«Фантазия – она реальна, – утверждал он, – когда фантазия сказку рисует – это уже действительность… и потом она войдет в обиход жизни так же, как ковш для питья… И жизнь будет именно такой, какой рисует ее наша фантазия…»
В выражении идей и художественно-эстетических образов живопись и литература («словесность», «поэзия», как называл он) служили Честнякову в одинаковой степени; в разные периоды жизни он ставил впереди то одно, то другое, но всегда говорил о них нераздельно.
В литературном наследии Честнякова сказки, пьесы, стихи, автобиографические рассказы, философские сочинения, самые разнохарактерные записи в записных книжках. В середине 1910-х годов он опубликовал несколько сказок в журналах, три из них издал отдельной книжкой. Отрывки и цитаты из его произведений напечатаны в различных статьях на страницах советской периодики в последние годы, в очередном (1985 г.) сборнике «Новые открытия советских реставраторов». Основная же часть его литературных произведений еще не опубликована.
В своем литературном творчестве Честняков исходил из основного принципа своей деятельности: народ сам должен творить свою культуру. Прежде всего, национальную по форме. В 1902 году в письме Репину он пишет: «Вся суть дела в том, что не хочу я профанировать свою русскую душу, потому что не понимают, не уважают ее; и не хочу ее заменить скучной, корректной, лишенной живой жизни душой европейца – человека не артиста, полумашины. Поэтому мне и приходится гордо замыкаться в себе. Потому что в стране не мы хозяева: все обезличившее себя заняло первенствующие места, а великое русское – пока вынуждено молчать до «будущего». Но настоящее развитие национальной русской культуры он видит не в распространении «русских» сувениров, имитирующих кустарные поделки прошлого, а во внимании к настоящей, сегодняшней народной жизни. «Хотите воскресить задавленное самобытное русское? – размышляет он в заметке по поводу кустарной выставки в Петербурге в 1902 году. – Поздно: народ понимает, что его искусство наивно, и хочет большего. Действительно ли вы уважаете русскую нацию? Если – да, то покажите на деле, во всем – в государственном строе, во всех деталях жизни. До сих пор русский был вынужден скрывать свою душу». Честняков мечтал о создании «универсальной культуры», основанной на национальных началах с обогащением их опытом всемирной цивилизации. «Русский… от культуры других народов возьмет все, что ему нужно, – писал он, – и вместе со своим элементом создаст великую универсальную культуру».

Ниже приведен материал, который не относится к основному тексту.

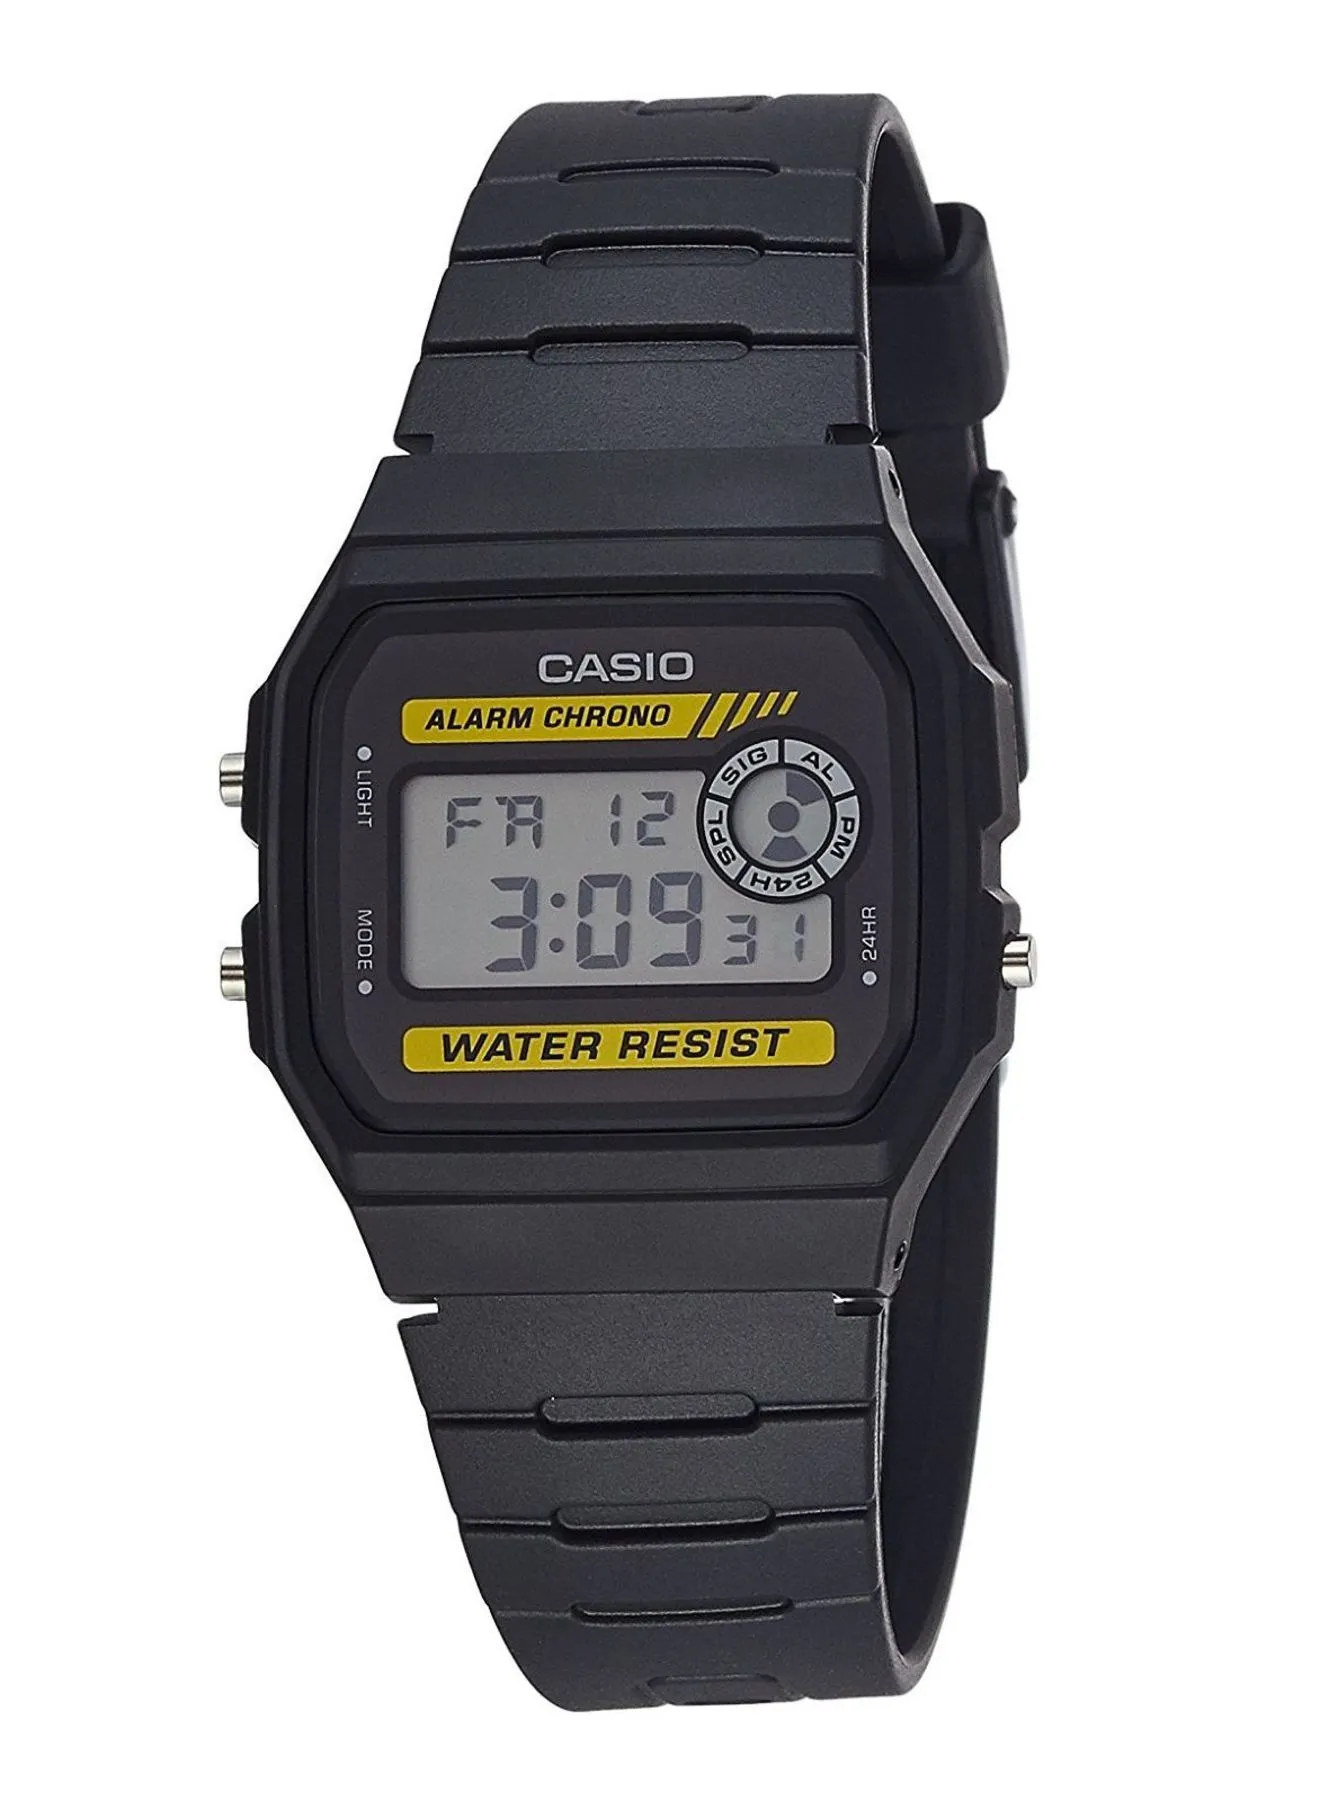 CASIO Men's Silicone Digital Wrist Watch F-94WA-9DG - 40 mm - Black

Литературные произведения Честнякова написаны живым народным языком – не архаизированным, музейным, зафиксированным в записях фольклористов прошлых десятилетий, и не сглаженным, занормативизированным литературным. Свое право писать именно таким языком он защищает в письме к редактору журнала, в котором его сказки подверглись языковой правке: «Нет у нас ни одного издания, которое бы печаталось чисто русским языком… язык их жеманный… от людей, фальшиво его понимающих. Это неправильный взгляд на живой язык, он вечно развивается, освобождает себя от неуклюжей громоздкости, стремится к музыкальности, легкости, красоте, к удобству произношения… Язык вырабатывается великим творчеством народа, и если книжники относятся к нему небрежно, то это признак того, что они не отличают в нем пшеницы от плевелов. Они тормозят совершенствование языка… А родной язык, очевидно, наши ученые хуже знают… потому, что комитеты эти, исследующие язык и издающие правила, сидят как бы между двумя стульями, а именно: между родной страной и чужими. Но вполне русской страны не знают…»
Сказки Честнякова – не пересказы народных сюжетов, они целиком авторские, но, написанные живым народным языком, который «стремится к музыкальности, легкости, красоте, к удобству произношения», они воспринимаются как высокий фольклор.
Проблема введения народного языка в литературное произведение – одна из важнейших проблем русской литературы начала XX века. В ряду писателей, занимавшихся ею – Ремизова, Чапыгина, Шергина и других вплоть до Бажова, опыт Честнякова, пожалуй, из наиболее удачных.
Огромно было влияние Честнякова на односельчан. «Его советы все не мимо шли», – говорят о нем земляки. На его могиле они установили крест с надписью: «Спи спокойно, наш учитель».
«Радимов Павел я, художник и поэт», – сказал о себе в одном из стихотворений Павел Александрович Радимов (1887–1967). Его стихи и живописные полотна близки друг другу, как только могут быть близки литературное и живописное произведения. Одни и те же темы – пейзажи, деревенские бытовые сцены; те же изобразительные средства – неброские краски, скромные мотивы; небольшой размер – короткие стихи, малоформатные этюды (иной раз чуть больше почтовой открытки); и главное – одно и то же настроение безграничной, немногословной, тихой, но верной любви к родной земле и желание показать людям, сколько красоты заключено в самом обыденном, мимо чего проходят, порой не замечая.
Рисовать и писать стихи Радимов начал почти одновременно – в детстве. Он родился в семье бедного сельского священника, чей быт ничем не отличался от быта его прихожан – крестьян обычного подмосковного села.